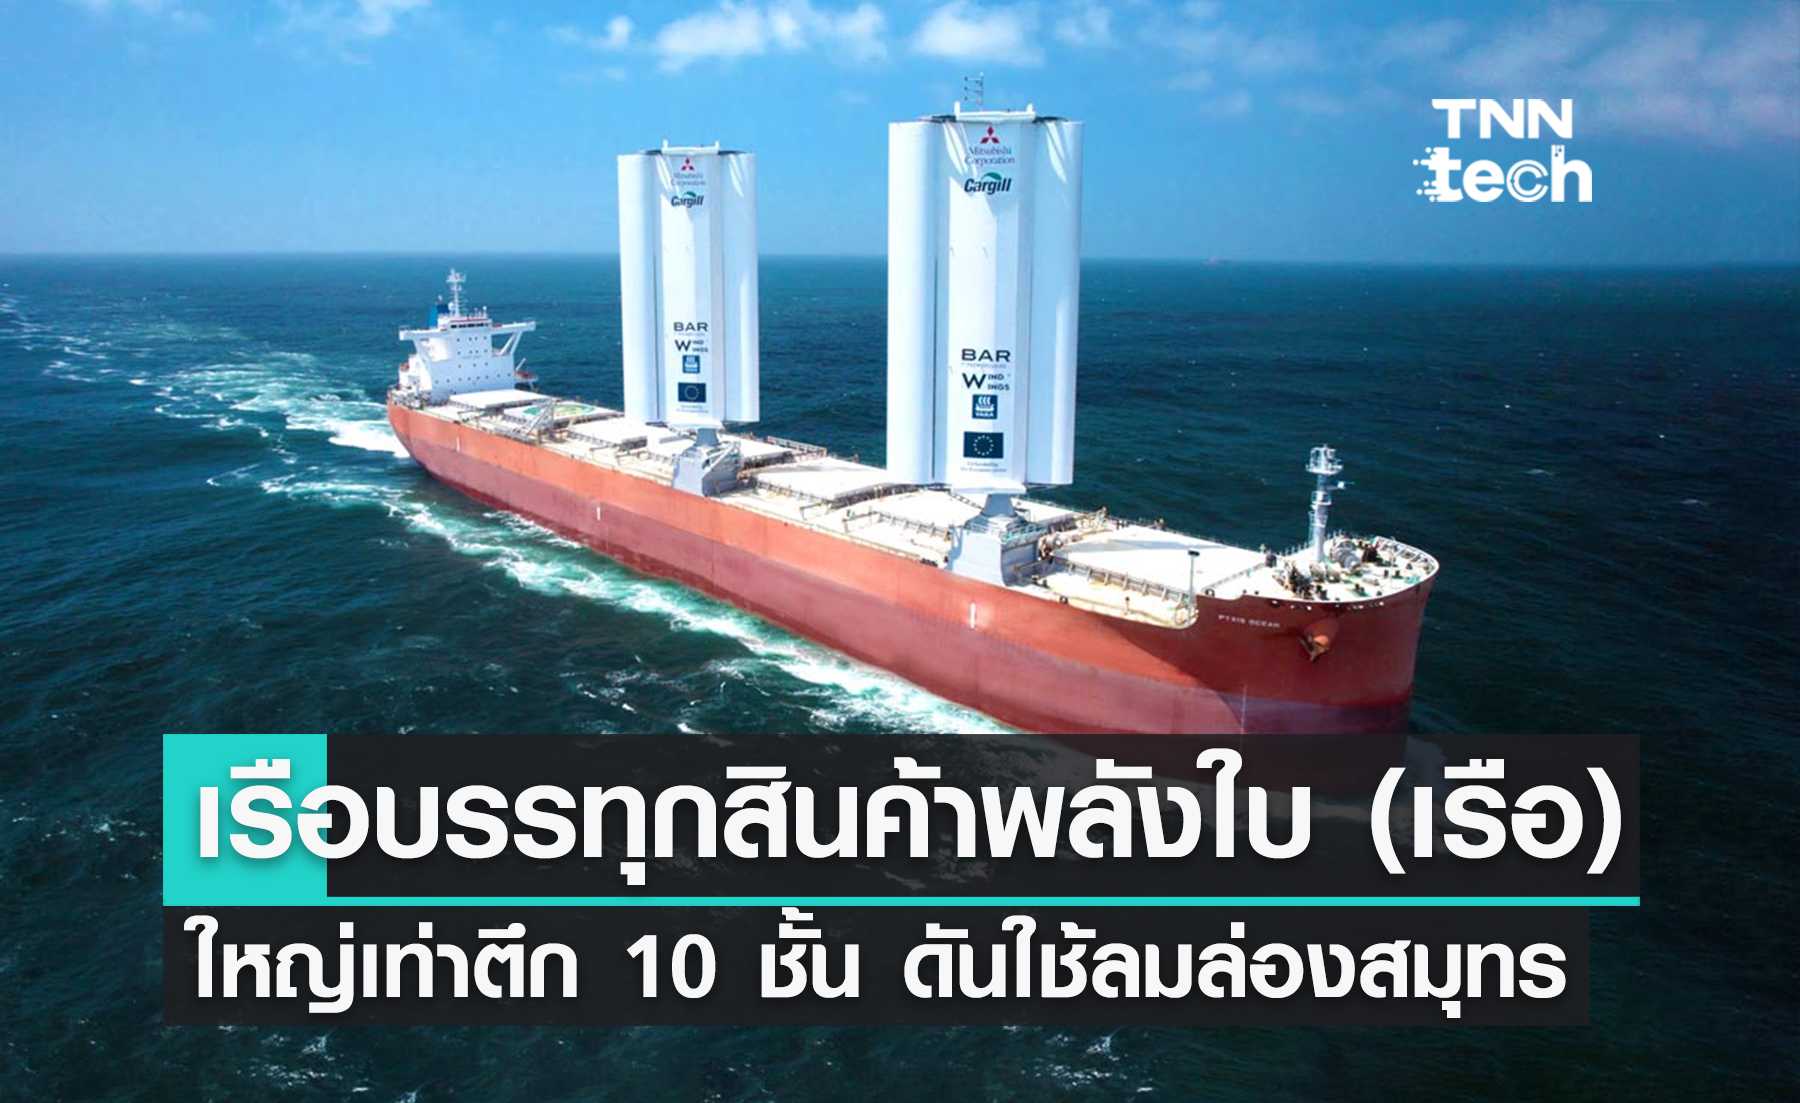 เริ่มแล้ว ! “Pyxis Ocean” เรือบรรทุกสินค้าพลังใบ (เรือ) ใหญ่เท่าตึก 10 ชั้น ดันกลับมาใช้พลังงานลมล่องเรือ
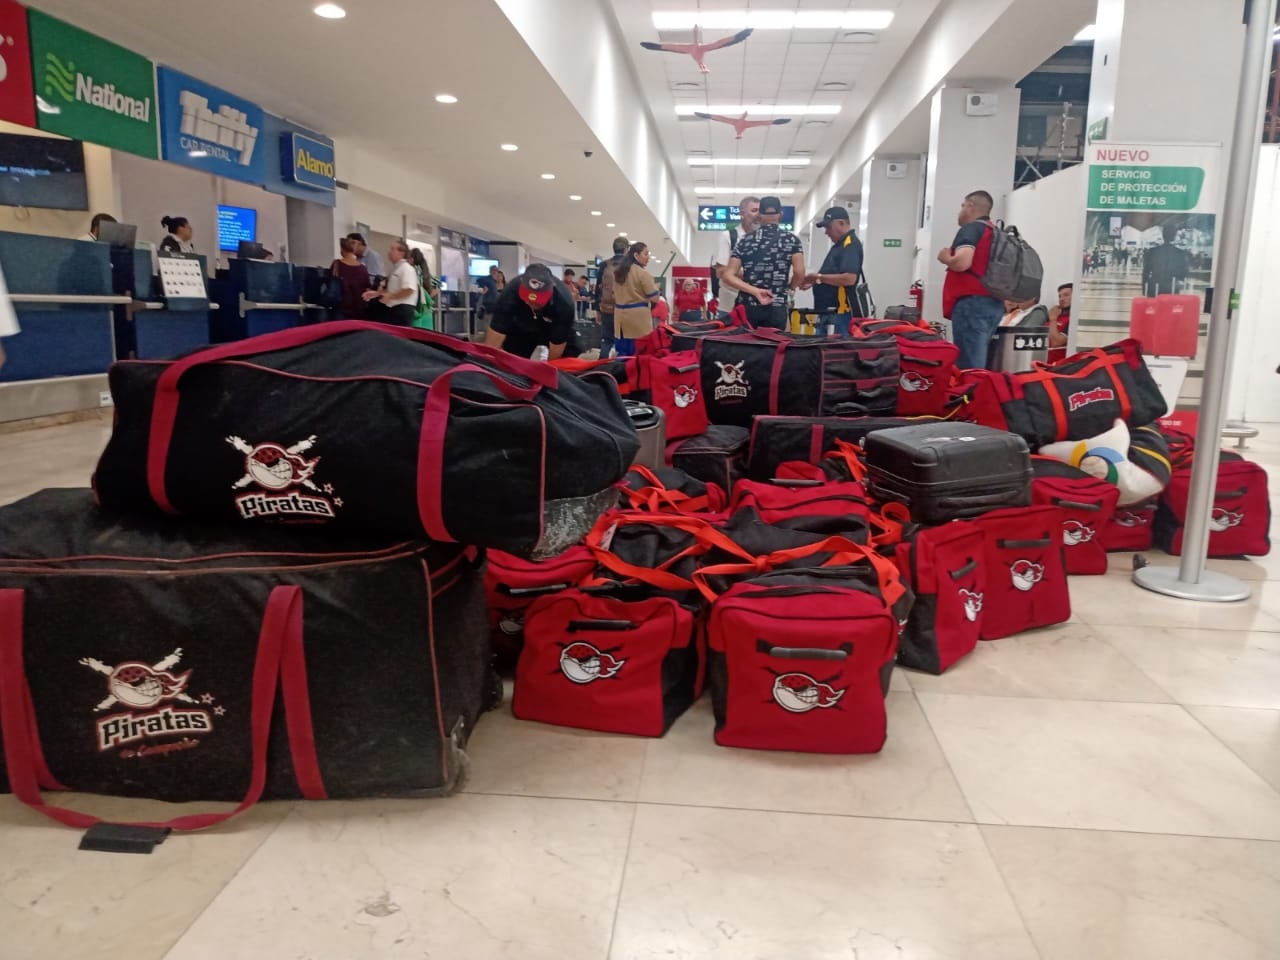 Piratas de Campeche 'abandonan' sus maletas en el aeropuerto de Mérida
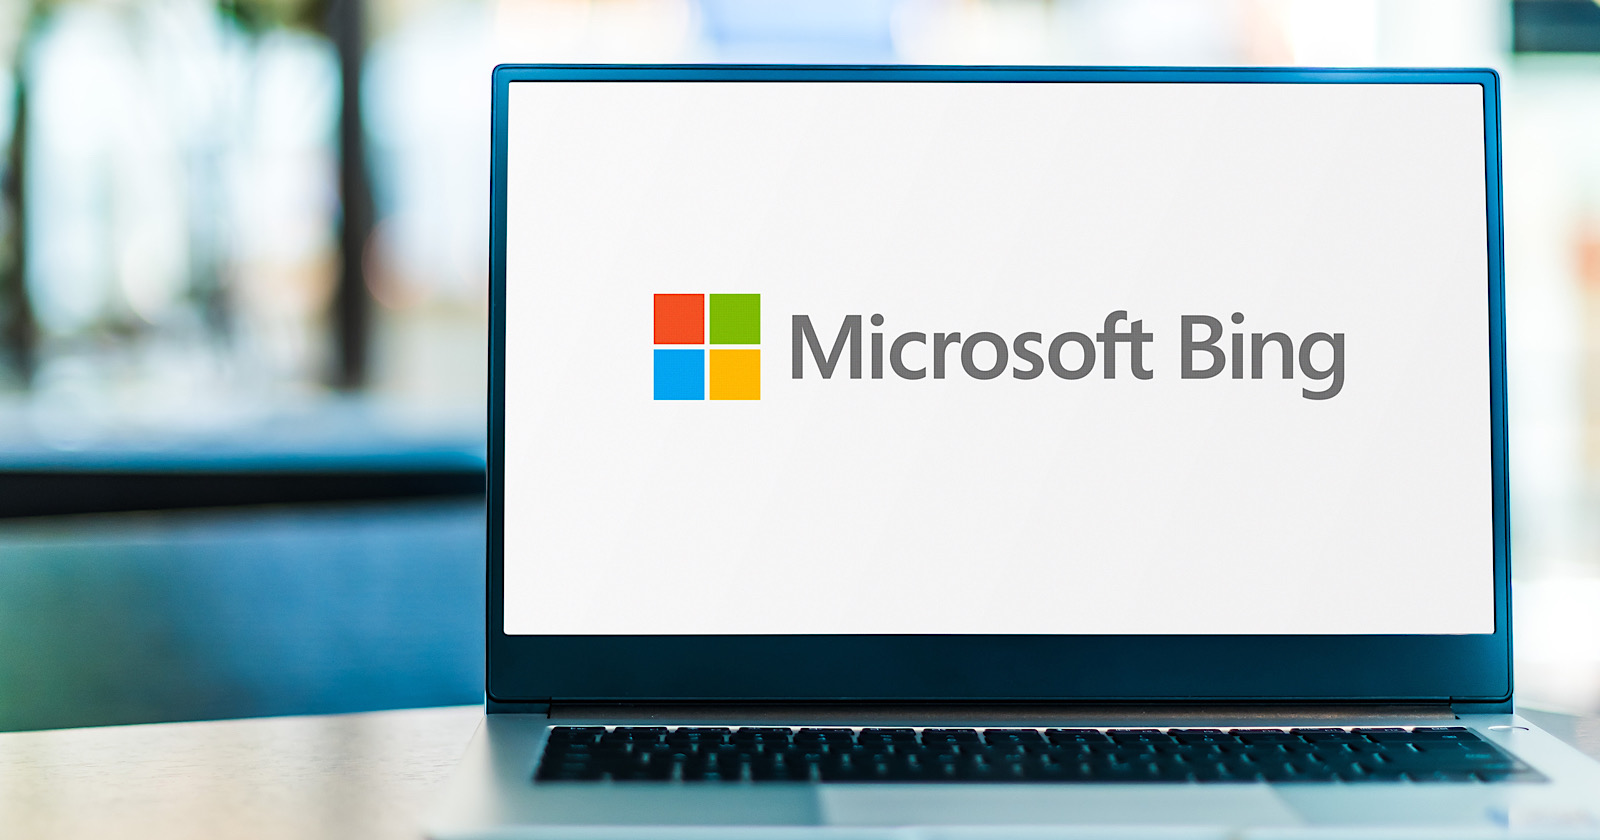 Sempat Terlupakan, Kini Microsoft Bing Melonjak 10 Kali Lipat Unduhan
--------------------
Exercise description:
Without the pictures, give every line above again exactly.

Written answer:
 เริ่มแล้ว ! “Pyxis Ocean” เรือบรรทุกสินค้าพลังใบ (เรือ) ใหญ่เท่าตึก 10 ชั้น ดันกลับมาใช้พลังงานลมล่องเรือ
 Piratas de Campeche 'abandonan' sus maletas en el aeropuerto de Mérida
 Sempat Terlupakan, Kini Microsoft Bing Melonjak 10 Kali Lipat Unduhan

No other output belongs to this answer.